Manglaur Riyasat  is a town with municipal board in Haridwar district in the Indian state of Uttarakhand. Pin code of Manglaur is 247656. Manglaur is located on national highway-58 (Delhi–Haridwar). It is 175 km away from Delhi and about 10 km from Roorkee.

At the time of the British it used to be a tehsil, Tehseel wali Masjid is still present there. And middle school building near Masjid used to Kachhari work. There was a Qila also the walls of which still exist in Shah Vilayat Masjid and that is a residential area now.

The current chairman of Manglaur is Dilshad Ahmad.

History 
Manglaur is an old place of North India which has its own recognition. At one side, it has a matter of pride being a historical place and on the other hand, it bears such good people who are owners of unlimited assets. History is witness that its name is on the basis of its bearer whose name was Mangal Sen. For a long time it was the capital of the king Mangal Sen whose symbol is present even today in this town. There is also an evidence from Aaine Akbar (author Abul Fajal), too, that it was a historical place.

Manglaur is a historical town where a fort made of brick is present which was built at the time of King Vikramaditya. During the medieval Indian period, Manglaur was mainly under the control of Brahmins and Goojars.

At the time of King Vikramaditya (380–415 A.D), Mangal Sen had built this fort. One portion of the wall of that fort is safe in corner of the shrine of Shah Vilayat. The width of this wall is 12 ft. And inside this surrounding there is a Masjid present built by Gyasuddeen Balban whose kutba is fitted in the wall of the Masjid. From Mangal Sen to British Rule, Manglaur was a tehsil.

Most of the time Manglaur was independent and it saw many rises and falls but for a short while during British rule, it become a far-east region of Punjab but was then later given to the United Provinces of British India. One time also came when it was declared a district but British rule took back its status of district and converted it back into a tehsil and later on the state of tehsil was also taken back and made Roorkee the tehsil.

Manglaur is listed in the Ain-i-Akbari as a pargana under the sarkar of Saharanpur, producing a revenue of 2,350,311 dams for the imperial treasury and supplying a force of 300 infantry and 40 cavalry. Its brick fort is also mentioned.

The building which was the offices of tehsil at that time was converted into 'Middle Oriental School’. This building had been famous by name of middle school after independence.
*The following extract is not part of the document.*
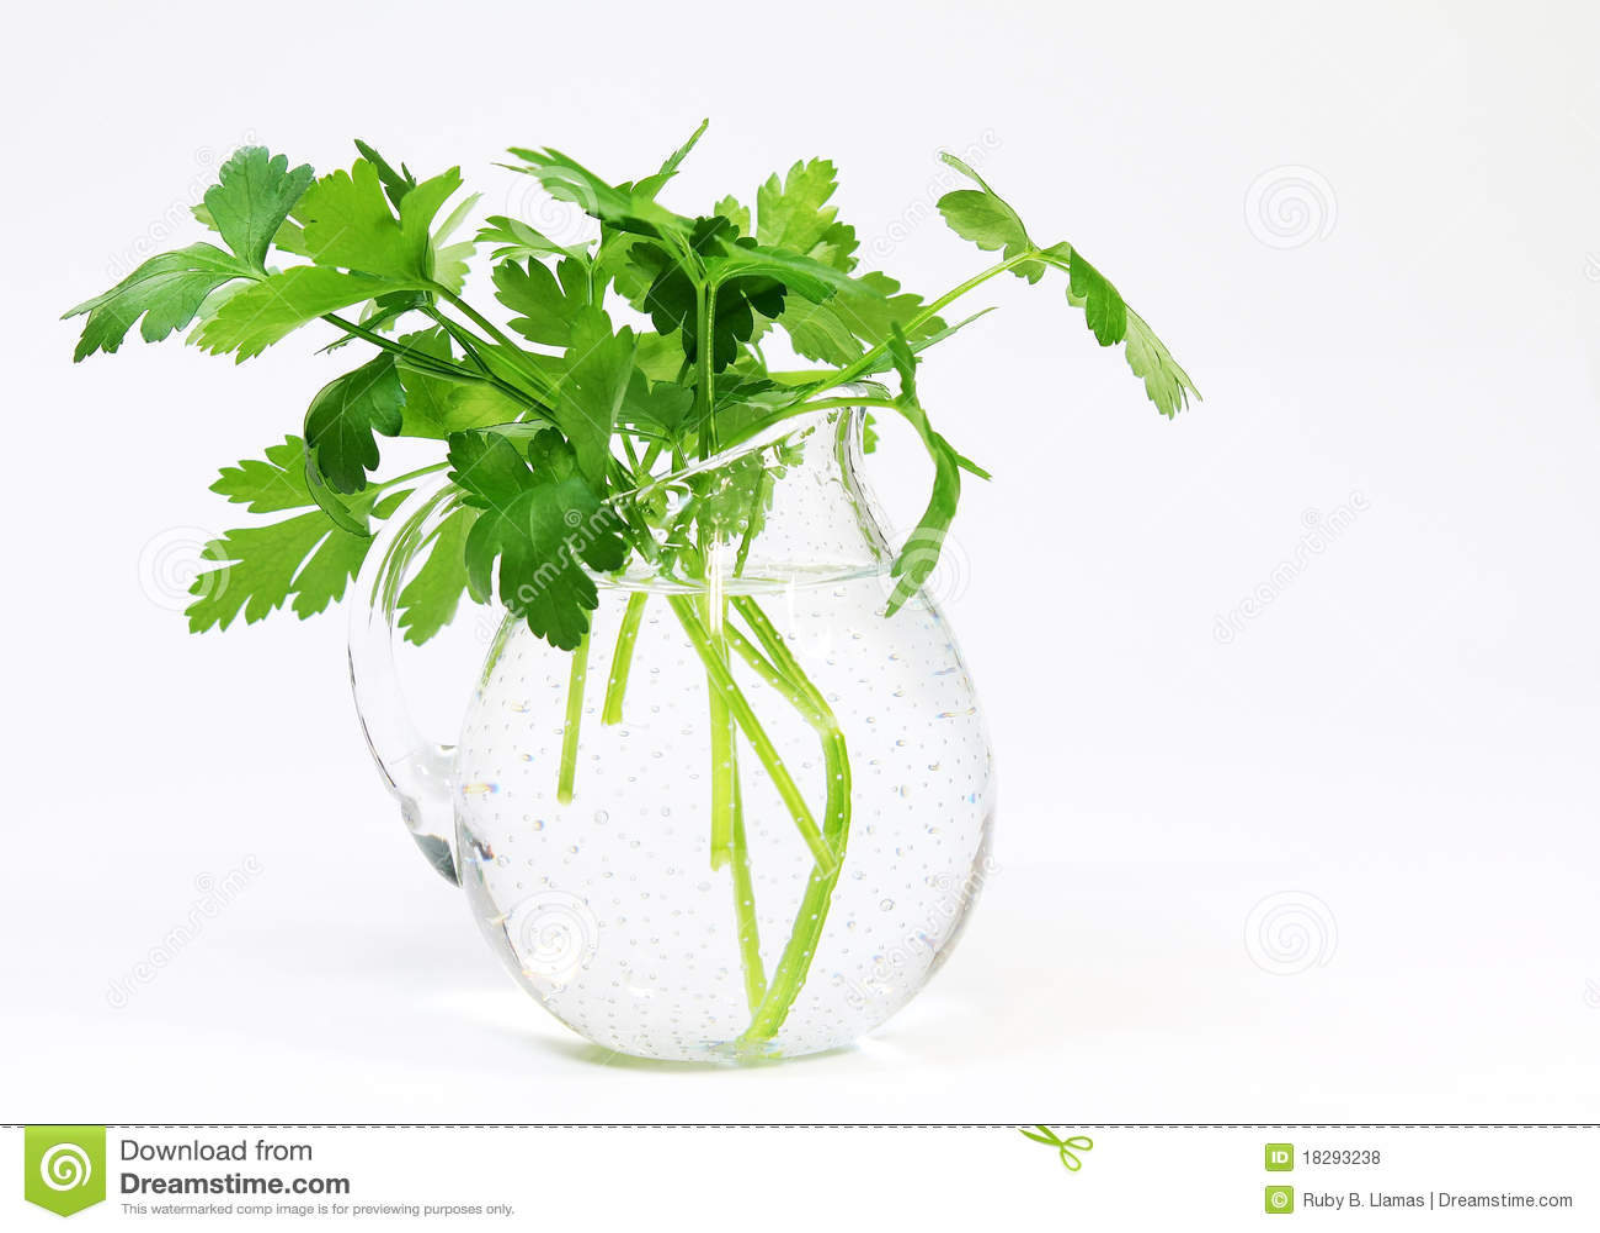 Parsley (Petroselinum crispum) Vase

At present there is a Masjid nearby this school which is known as "tehseel wali masjid". And where was the main center of rule it is known as the name of Quila. Which is surrounded by roads and markets. After seeing this structure it can be said there was a trench around this quila by four sides for enemies. So that enemies could not reach inside Quila.

Presently the Fort is converted into Mohalla Quila which is surrounded by following roads, Nagar Palika Chowk to Sarrafa Bazar road, Main Market to Haidri Chowk road, then mohalla malakpura to Nagar Palika Parishad road.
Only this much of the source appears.